Since these norms were implemented, the need has emerged to review, modify, and harmonize them. In the fall of 2001, Health Canada and the Canadian Institutes of Health Research [CIHR] set up the National Placebo Working Committee "to help determine the appropriate use of placebos in clinical trials in Canada." (6) One of this group's objectives was to harmonize Good Clinical Practice (E10) (7) [GCP (E10)] with the TCPS, (8) in particular as it related to the diversity of terms employed regarding placebo use in clinical trials.

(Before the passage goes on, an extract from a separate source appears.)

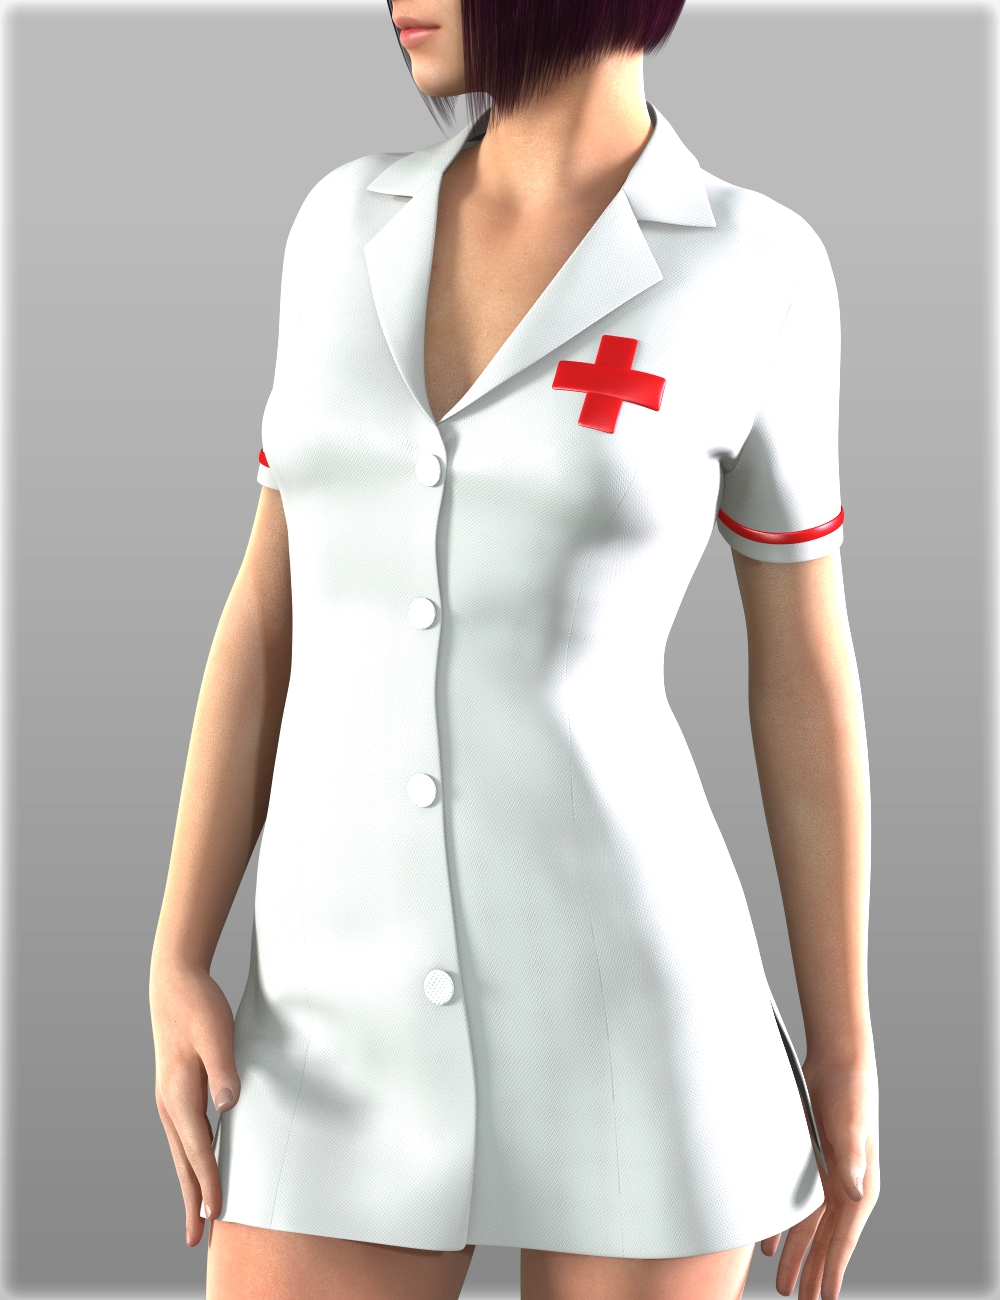 sexy nurse uniforms Cheap Sale - OFF 70%

GCP (E10) allows for the possibility of offering a placebo in these situations:

2.1.3 Ethical Issues.... In cases where an available treatment is known to prevent serious harm, such as death or irreversible morbidity in the study population, it is generally inappropriate to use a placebo control. There are occasional exceptions, however, such as cases in which standard therapy has toxicity so severe that many patients have refused to receive it. In other situations, when there is no serious harm, it is generally considered ethical to ask patients to participate in a placebo-controlled trial, even if they may experience discomfort as a result, provided the setting is noncoercive and patients are fully informed about available therapies and the consequences of delaying treatment. (9) Like GCP (E10), article 7.4 of the TCPS forbids the use of a placebo "when standard therapies or interventions are available for a particular patient population". However, exceptions to this prohibition are identified:

Consistent with clinical equipoise, a placebo may be used as the control treatment in a clinical trial in the following circumstances: (a) There is no standard treatment; (b) Standard therapy has been shown to be no better than placebo; (c) Evidence has arisen creating substantial doubt regarding the net therapeutic advantage of standard therapy; (d) Effective treatment is not available to patients due to cost constraints or short supply (this may only be applied when background conditions of justice prevail within the health care system in question; for example, a placebo-controlled trial is not permissible when effective but costly treatment is made available to the rich but remains unavailable to the poor or uninsured.); (e) In a population of patients who are refractory to standard treatment and for whom no standard second-line treatment exists; (f) Testing add-on treatment to standard therapy when all subjects in the trial receive all treatments that would normally be prescribed; or (g) Patients have provided an informed refusal of standard therapy for a minor condition for which patients commonly refuse treatment and when withholding such therapy will not lead to undue suffering or the possibility of irreversible harm of any magnitude. (10) REBs' ethical review of the acceptability of placebo use is based on two factors: their familiarity with the principal sets of norms for Canada, namely the TCPS and GCP (E10), and how they interpret these norms. At present, the great divergences among REBs' decisions result in the approval in some institutions of research projects for clinical trials involving placebo use that are rejected by others. For researchers, this inconsistency can mean differing requirements to modify a research project from one REB to another, a circumstance that is extremely undesirable in the context of multicentre research. Several studies (11) have assumed the existence of significant divergences in the way REBs apply purportedly shared norms.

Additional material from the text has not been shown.